Полагаю, поймет. Почитает Василия Белова, «Кануны», сумевши отвлечься от сенсационных открытий, составляющих, мне кажется, предмет его особенной гордости, даже вроде бы творческой радости, в порыве которой, завершив свою драму «Борис Годунов», А. С. Пушкин, по собственному признанию, бил в ладоши и выкрикивал о себе такое, чего я о почтенном Белове повторить не рискну. И особо значительно из этих открытий: коллективизация — результат изощренных каверз Якова Аркадьича Яковлева, поелику был он вовсе не Яковлев, а Эпштейн, и как раз в год великого перелома он пробрался на пост наркомзема, а потом стал заведовать сельхозотделом ЦК. Это все он, Эпштейн, и устроил; а уж был бы наркомом земледелия Иванов, Петров или вечно сопутствующий им Сидоров, — обошлось бы, коллективизации не было бы.

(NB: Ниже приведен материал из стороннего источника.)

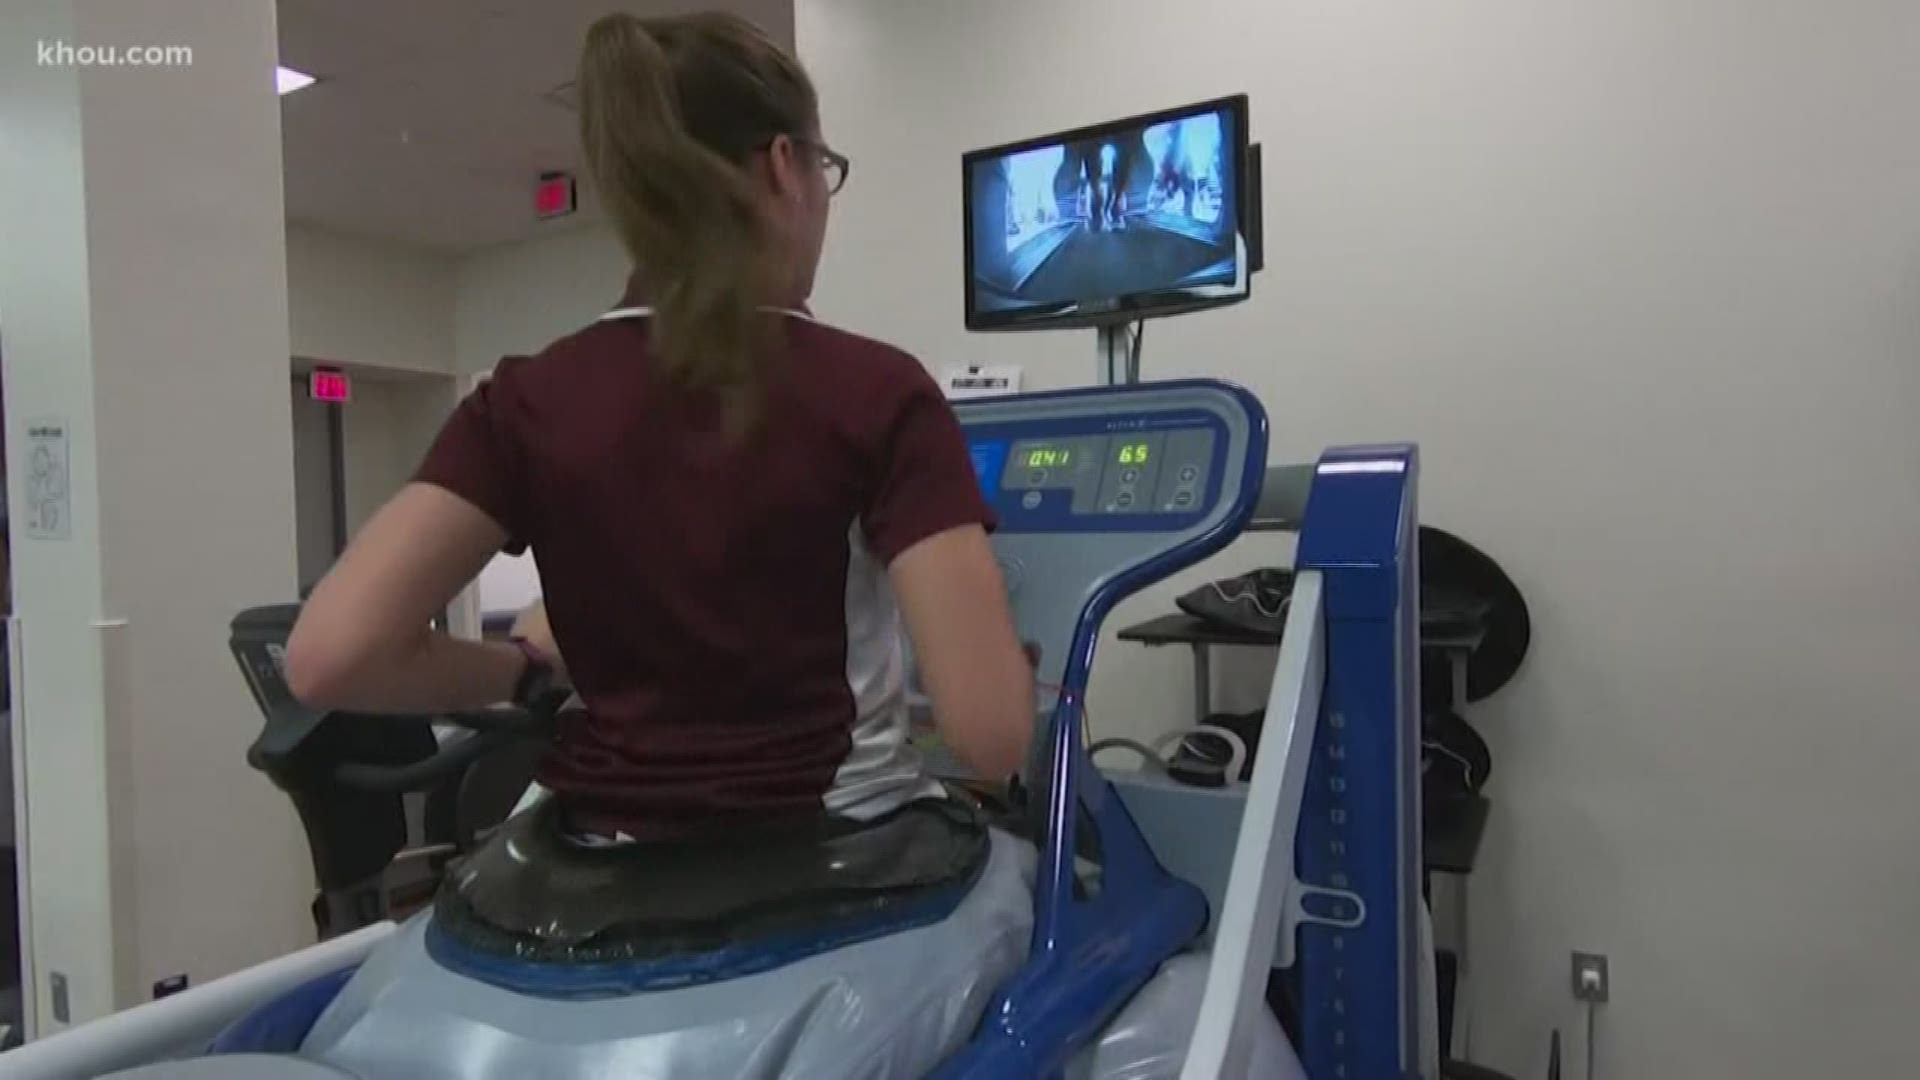 If you've ever gone for a run, you know it can take a lot out of you. Some of us even end up with serious injuries. But now there's all sorts of technology to help us bounce back like the zero-gravity treadmill at UTMB in Galveston.
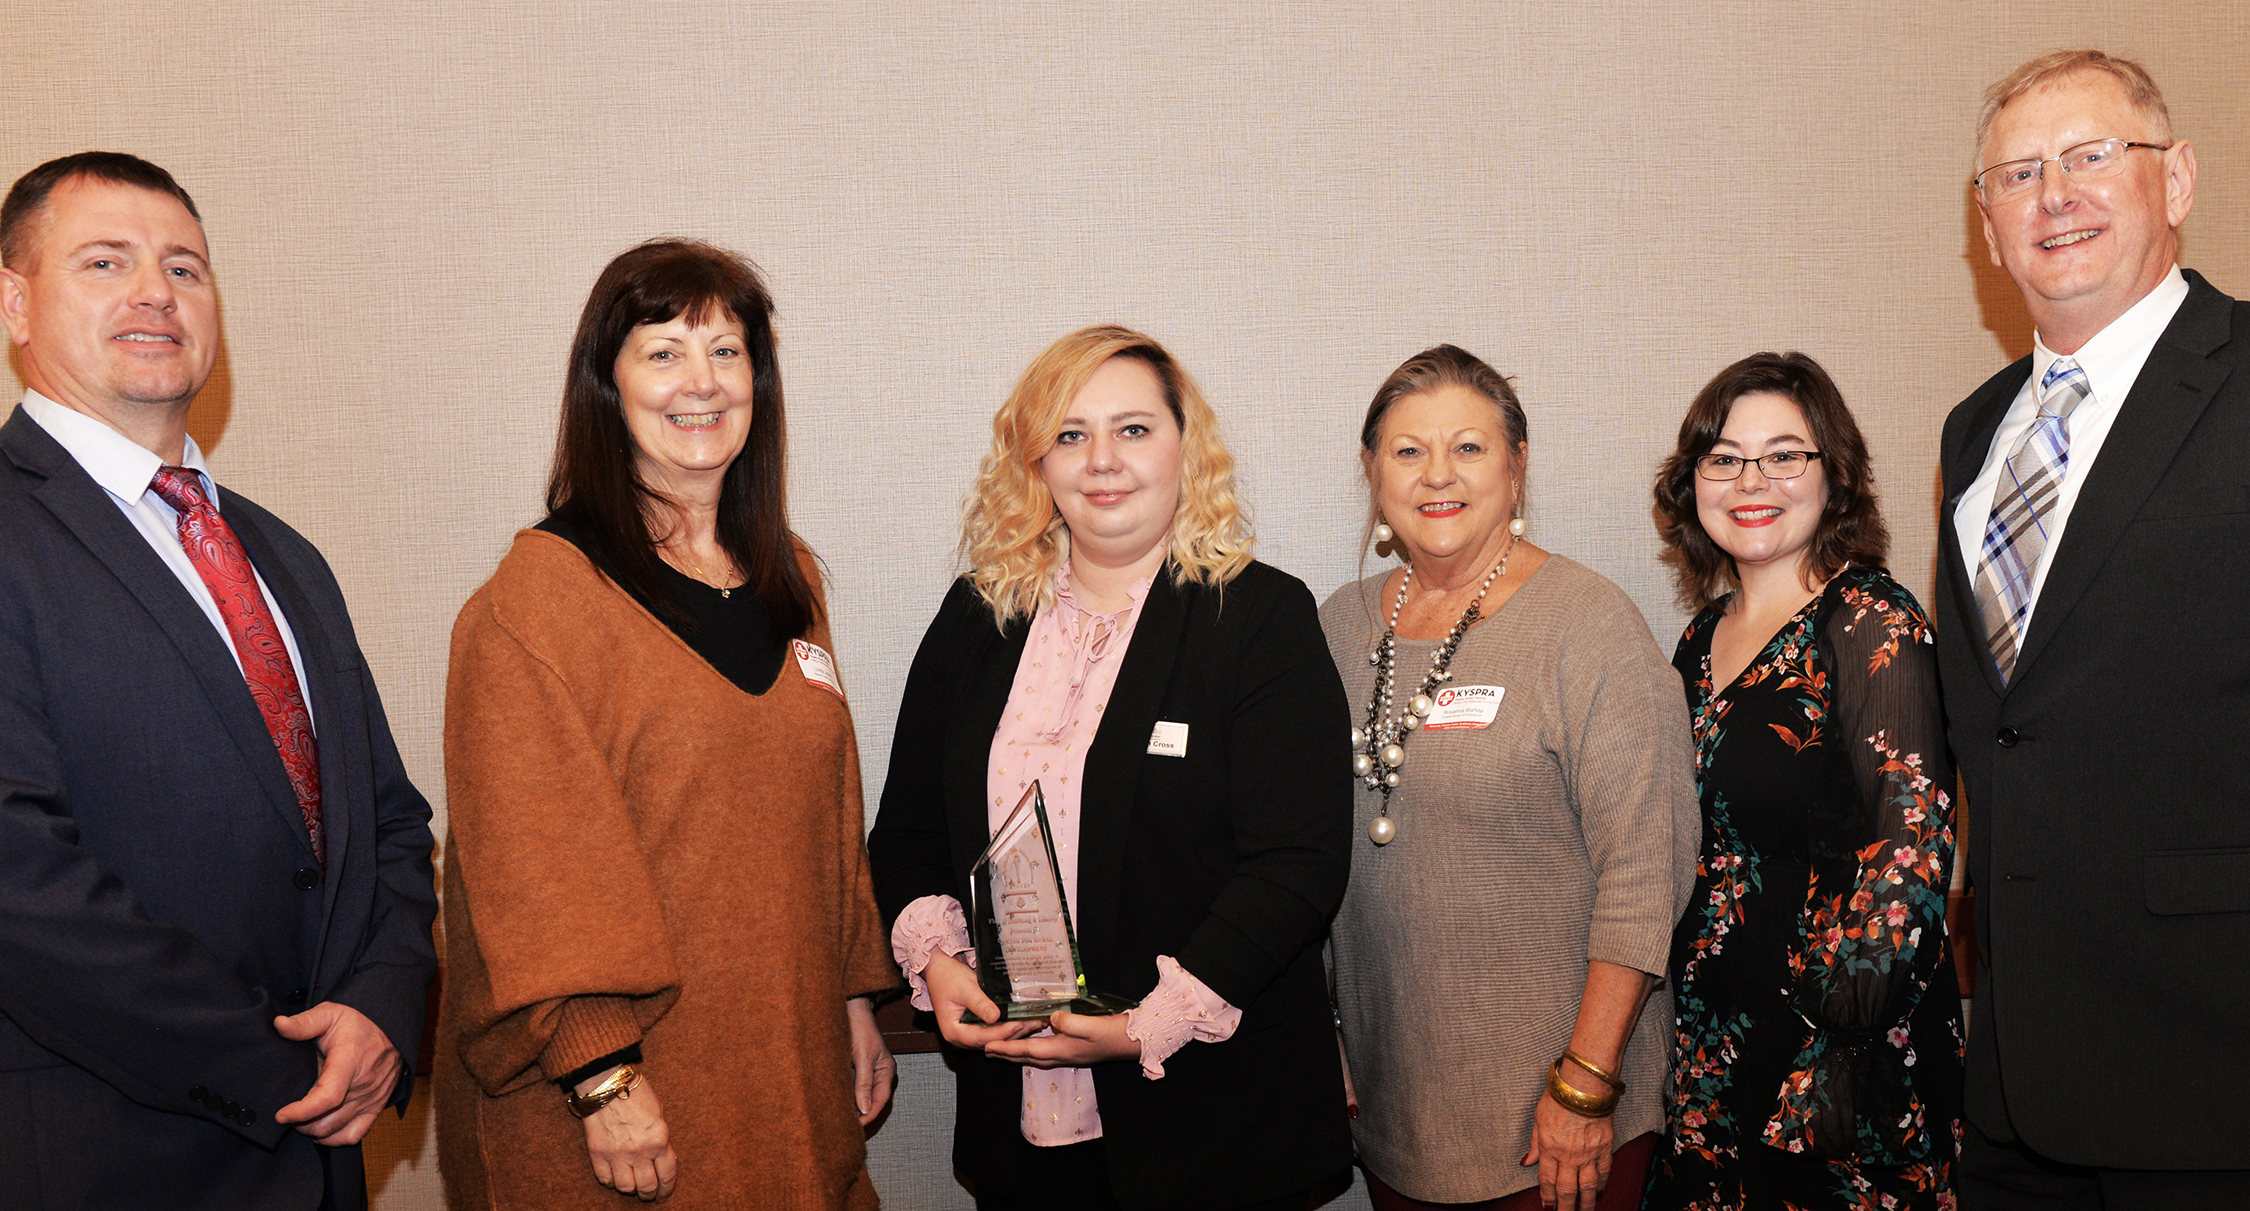 The Center for Rural Development receives KYSPRA Flag of Learning and Liberty Award

Детективность, склонность к некоей национал-криминалистике — явление нынче распространенное. И оно представляется мне нелепым не потому, что я как-то уж особенно привержен к Я. А. Эпштейну, а совсем по другим его, этого явления, свойствам: величайшая трагедия народа рационализируется, переводится в плоскость — именно в плоскость! — житейской эмпирики. Основание, база открытий талантливого писателя Белова — нечто, как хотелось надеяться, давно изжитое: по-зи-ти-визм. Надо, дескать, только добраться до тщательно скрываемых фактов — и все тайны мировых катастроф и трагедий мы увидим как на ладони (если можно трагедию коллективизации объяснить злоехидством Эпштейна и его соплеменников, то и, стало быть, так же, эмпирически, можно объяснить и великое переселение народов, и крестовые походы, и Тамерлана: надо только докопаться до политических сил, стоявших у него за спиной).
И в «Канунах» гораздо интереснее та свободная часть их, где писатель не старается как бы выполнить кем-то заданное ему задание на дом, урок, а действительно выступает пи-са-те-лем. Очень явственно обнаруживает себя в повествовании о бедах вологодской деревни традиция мирового романа; вновь и вновь оживает здесь Дон Кихот. Только тот, канонический, классический Дон Кихот разрушал ветряные мельницы, видя в каждой из них великана-врага, а российский Дон Кихот, коего два века искали да так и не смогли отыскать, в точности такую же мельницу у себя на Вологодчине построить пытается: вокруг этой мельницы и разворачивается сюжет. И проблема остается все тою же, и фабула, ее воплощающая: человек разрушает мельницу — человек такую же точно мельницу строит; вологодский Дон Кихот пытается противиться миру эпоса, в нормативы которого втискивали что бы то ни было индивидуальное, даже просто живое, будь то мысль искателя-интеллигента или стройка, которую затеял крестьянин: эпосу нужен простор, эпосу ясность нужна. И была коллективизация сплошным искоренением Дон Кихотов точно так же, как сопутствовавший ей террор был уничтожением Гамлетов. Нет, Эпштейном-Яковлевым этих явлений не объяснить; объяснение социальных трагедий подчиненностью человека жанрам, которые он получает в наследство и стремится сделать явлением жизни, представляется мне более серьезным, хотя, может статься, и не очень привычным. Правомерность его вполне вероятна, и, кстати, чрезвычайно точно ощущал начинавшееся внедрение эпоса в жизнь гений Андрея Платонова.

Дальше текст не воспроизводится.